Give back exactly the lines of the data below, starting with the line that has "WYZworks Pink Flexible" and going on through the line that has "12257 W 67th".

*** Data to use ***

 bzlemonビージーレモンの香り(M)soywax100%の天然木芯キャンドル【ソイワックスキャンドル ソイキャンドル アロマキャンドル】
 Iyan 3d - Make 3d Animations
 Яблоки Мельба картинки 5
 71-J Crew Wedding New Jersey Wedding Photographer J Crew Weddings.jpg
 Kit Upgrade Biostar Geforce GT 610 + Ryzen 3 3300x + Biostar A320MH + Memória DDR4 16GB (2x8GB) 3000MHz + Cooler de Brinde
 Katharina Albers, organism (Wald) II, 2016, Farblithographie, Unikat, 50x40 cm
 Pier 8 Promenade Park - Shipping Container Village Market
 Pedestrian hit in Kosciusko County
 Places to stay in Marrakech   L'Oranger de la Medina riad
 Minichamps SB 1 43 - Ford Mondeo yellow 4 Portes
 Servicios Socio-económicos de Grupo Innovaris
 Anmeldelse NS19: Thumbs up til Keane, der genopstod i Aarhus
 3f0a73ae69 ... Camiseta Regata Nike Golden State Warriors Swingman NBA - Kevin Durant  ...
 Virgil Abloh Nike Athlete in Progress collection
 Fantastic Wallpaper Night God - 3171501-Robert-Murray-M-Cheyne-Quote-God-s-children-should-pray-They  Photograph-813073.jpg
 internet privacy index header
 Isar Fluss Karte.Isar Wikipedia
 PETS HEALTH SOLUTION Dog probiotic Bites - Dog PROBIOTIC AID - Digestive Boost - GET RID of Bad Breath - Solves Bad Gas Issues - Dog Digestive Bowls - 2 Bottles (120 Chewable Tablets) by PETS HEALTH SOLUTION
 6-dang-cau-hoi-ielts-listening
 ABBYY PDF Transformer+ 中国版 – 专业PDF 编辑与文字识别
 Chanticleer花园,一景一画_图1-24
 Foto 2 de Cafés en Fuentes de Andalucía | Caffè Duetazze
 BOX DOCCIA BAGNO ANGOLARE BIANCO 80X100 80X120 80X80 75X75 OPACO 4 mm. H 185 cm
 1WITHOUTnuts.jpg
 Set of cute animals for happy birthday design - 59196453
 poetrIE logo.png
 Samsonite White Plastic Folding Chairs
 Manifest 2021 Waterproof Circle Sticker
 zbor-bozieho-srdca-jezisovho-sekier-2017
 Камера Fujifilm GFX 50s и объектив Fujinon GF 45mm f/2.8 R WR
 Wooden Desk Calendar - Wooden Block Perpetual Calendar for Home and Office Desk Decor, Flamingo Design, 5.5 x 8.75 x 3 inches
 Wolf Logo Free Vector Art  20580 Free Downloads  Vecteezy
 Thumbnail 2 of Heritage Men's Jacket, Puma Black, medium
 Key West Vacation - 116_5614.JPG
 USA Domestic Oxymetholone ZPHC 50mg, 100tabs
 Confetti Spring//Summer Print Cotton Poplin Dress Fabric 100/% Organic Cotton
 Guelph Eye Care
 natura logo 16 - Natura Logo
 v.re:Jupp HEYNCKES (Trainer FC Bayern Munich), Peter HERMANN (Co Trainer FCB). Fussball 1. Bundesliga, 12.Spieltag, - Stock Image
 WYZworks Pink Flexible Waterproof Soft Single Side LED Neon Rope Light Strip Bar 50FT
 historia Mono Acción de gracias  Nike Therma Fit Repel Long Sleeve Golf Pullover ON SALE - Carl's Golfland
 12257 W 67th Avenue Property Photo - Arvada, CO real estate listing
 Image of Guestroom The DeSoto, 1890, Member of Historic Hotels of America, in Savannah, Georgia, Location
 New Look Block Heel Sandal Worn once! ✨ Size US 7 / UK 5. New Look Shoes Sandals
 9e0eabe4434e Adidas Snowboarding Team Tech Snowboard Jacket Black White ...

***

(Completed exercise):
 WYZworks Pink Flexible Waterproof Soft Single Side LED Neon Rope Light Strip Bar 50FT
 historia Mono Acción de gracias  Nike Therma Fit Repel Long Sleeve Golf Pullover ON SALE - Carl's Golfland
 12257 W 67th Avenue Property Photo - Arvada, CO real estate listing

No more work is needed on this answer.